Skip a few extra small primes during decoding
Skipping a few small primes ('applying a wheel') is much easier when going through a range of numbers incrementally, compared to hopping wildly about with different strides as during sieving. This skipping only involves applying a cyclic sequence of differences between consecutive numbers that are not multiples of the primes in question, like 4,2,4,2... for skipping multiples of 2 and 3 (the mod 6 wheel) or 6,4,2,4,2,4,6,2... for skipping multiples of 2, 3 and 5.
The mod 6 wheel sequence alternates between only two numbers, which can easily be achieved by XORing with a suitable value.
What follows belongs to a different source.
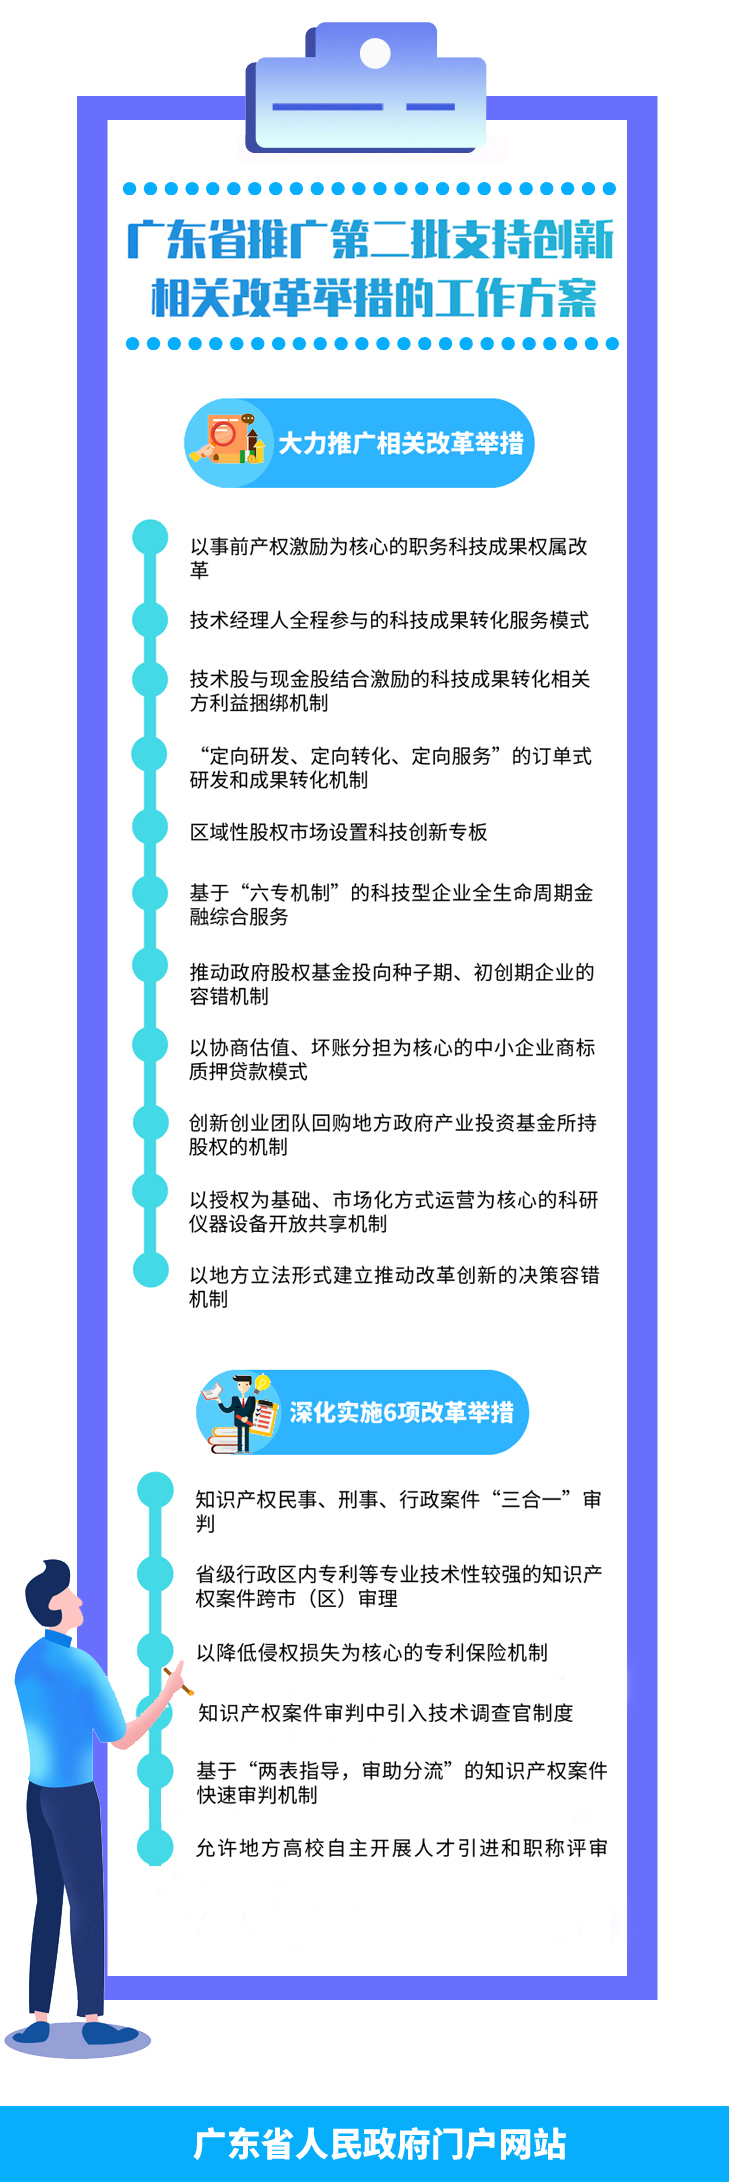 一图读懂广东省推广第二批支持创新相关改革举措工作方案.jpg

On top of the odds-only sieve the distances are halved, so that the sequence becomes 2,1,2,1... This skipping reduces the work during decoding by 1/3rd (for stepping mod 3), and the skipped primes can also be ignored during the sieving. The latter can have a marked effect on sieve times, since the smallest primes do the greatest number of crossings-off during the sieving.
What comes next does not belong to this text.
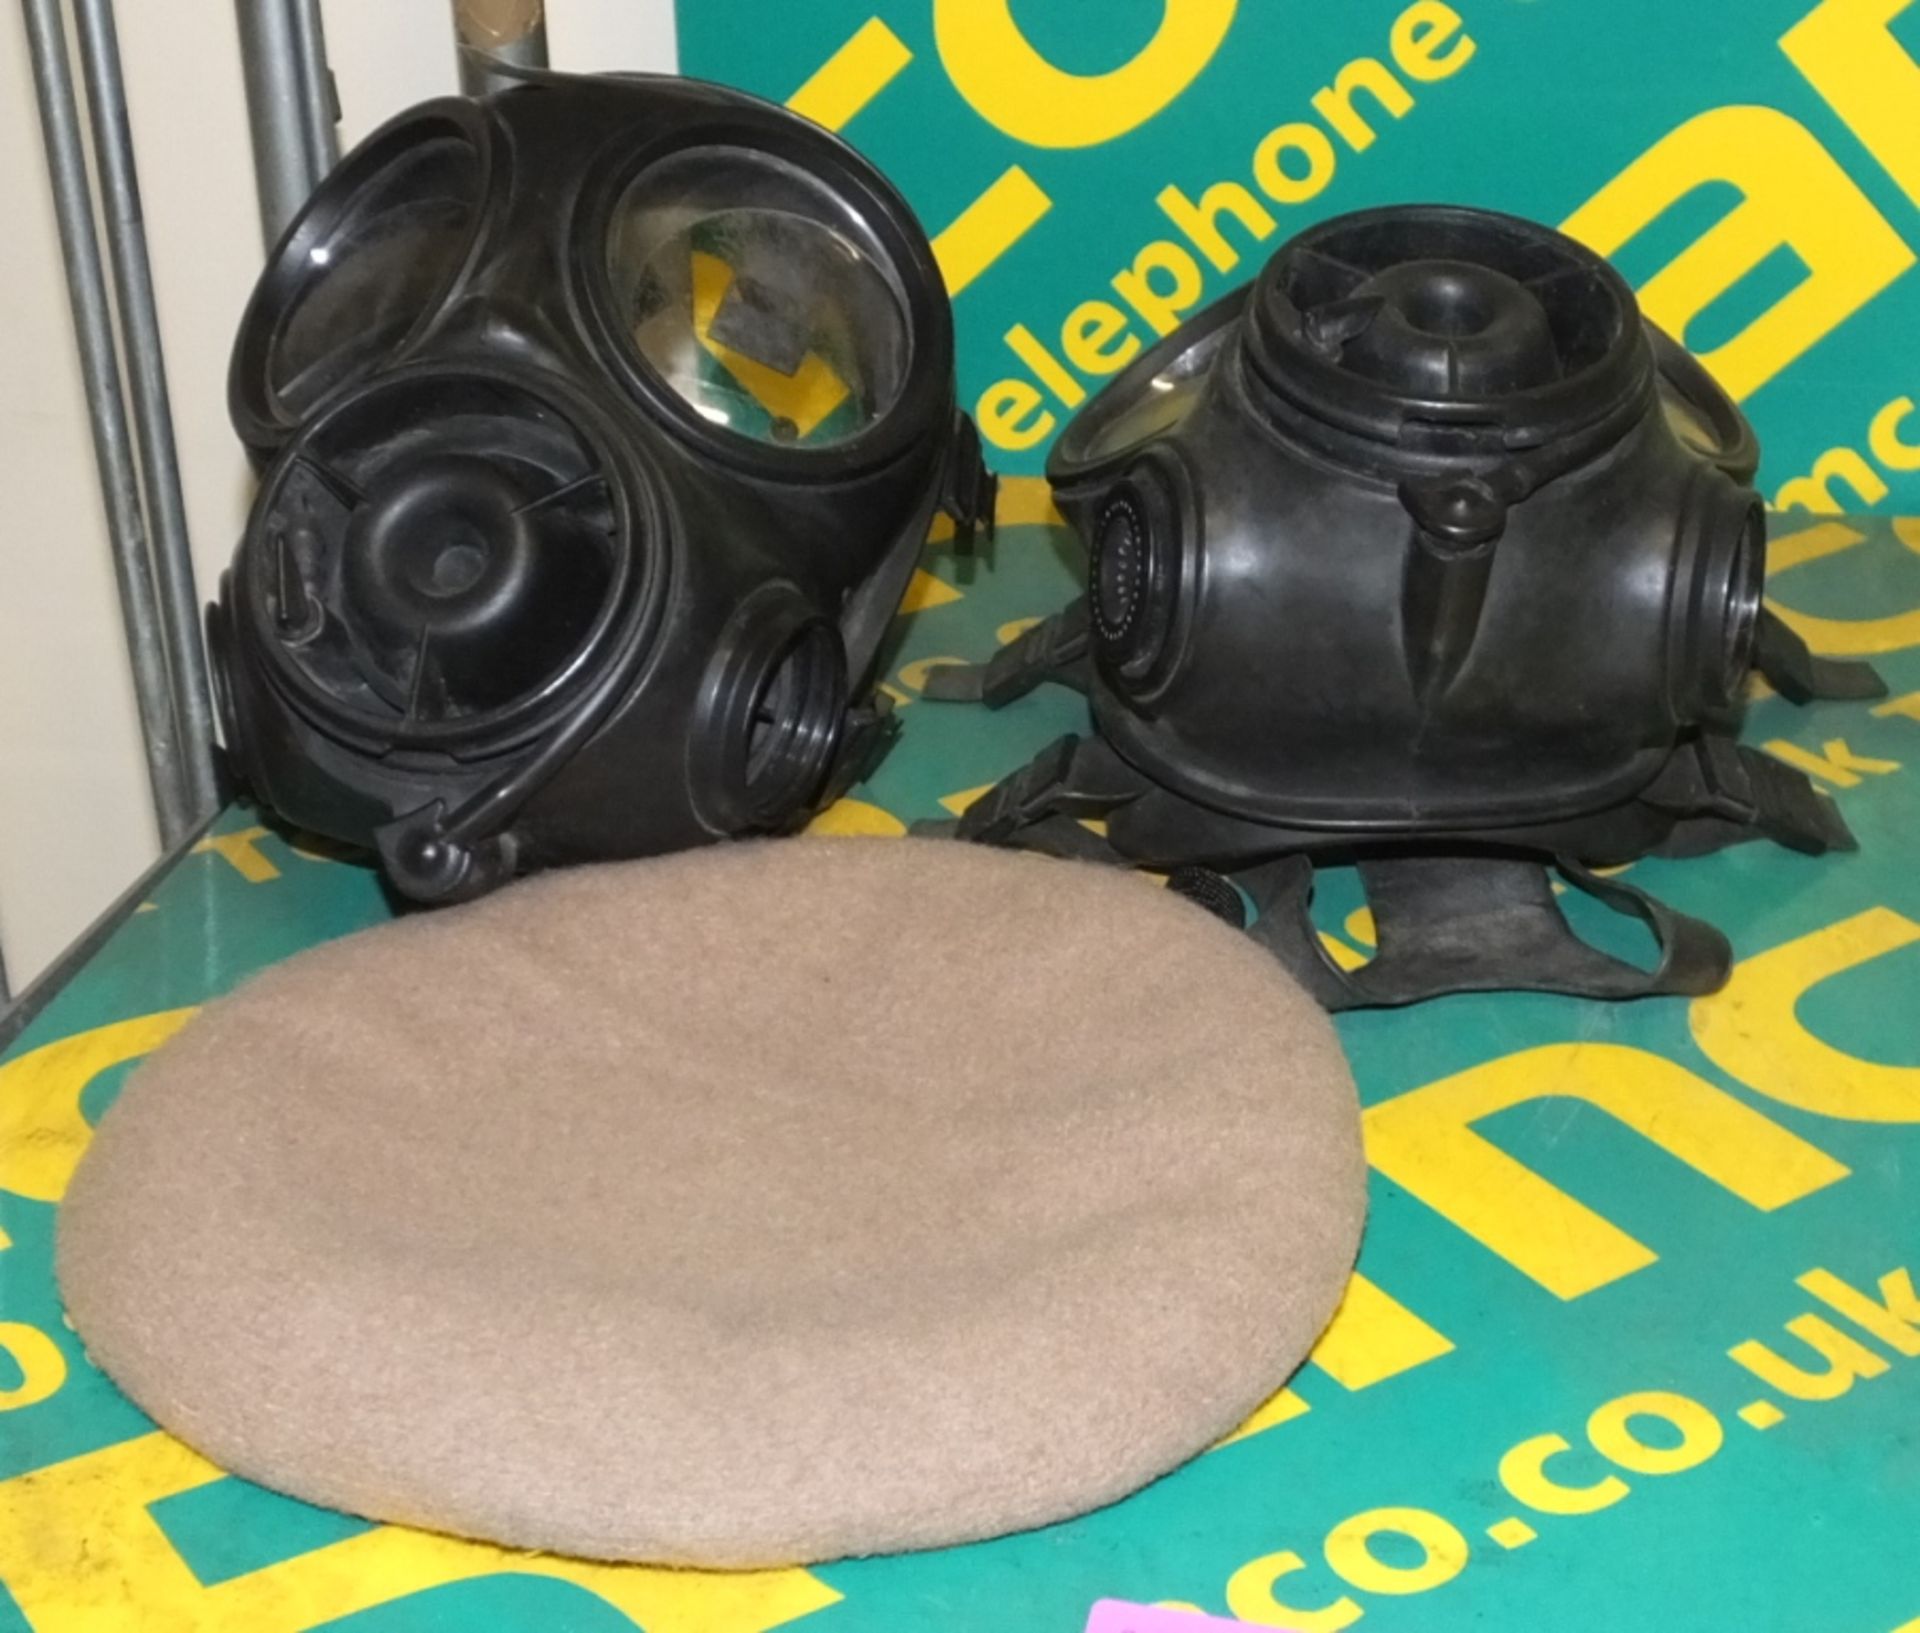 2x Gas masks, SAS beret

Here's a simple Sieve of Eratosthenes, with both suggestions applied. Note: here and in the following I generally go with the flow of C#/.Net and use signed integers where I would normally use unsigned integers in any sane language. That's because I don't have the time to vet the code for the performance implications (penalties) resulting from the use of unsigned types, like that the compiler suddenly forgets how to replace division by a constant with multiplication of the inverse and so on.
static long sum_small_primes_up_to (int n)
{
if (n < 7)
return (0xAA55200 >> (n << 2)) & 0xF;
int sqrt_n_halved = (int)Math.Sqrt(n) >> 1;
int max_bit = (int)(n - 1) >> 1;
var odd_composite = new bool[max_bit + 1];
for (int i = 5 >> 1; i <= sqrt_n_halved; ++i)
if (!odd_composite[i])
for (int p = (i << 1) + 1, j = p * p >> 1; j <= max_bit; j += p)
odd_composite[j] = true;
long sum = 2 + 3;
for (int i = 5 >> 1, d = 1; i <= max_bit; i += d, d ^= 3)
if (!odd_composite[i])
sum += (i << 1) + 1;
return sum;
}
The first if statement handles the small fry (n in 0..6) by returning a suitable element of a precomputed list of numbers, and it serves to get all the special cases out of the way in one fell swoop. All other occurrences of shift operators are for converting between the realm of numbers and the realm of indices into the odds-only sieve.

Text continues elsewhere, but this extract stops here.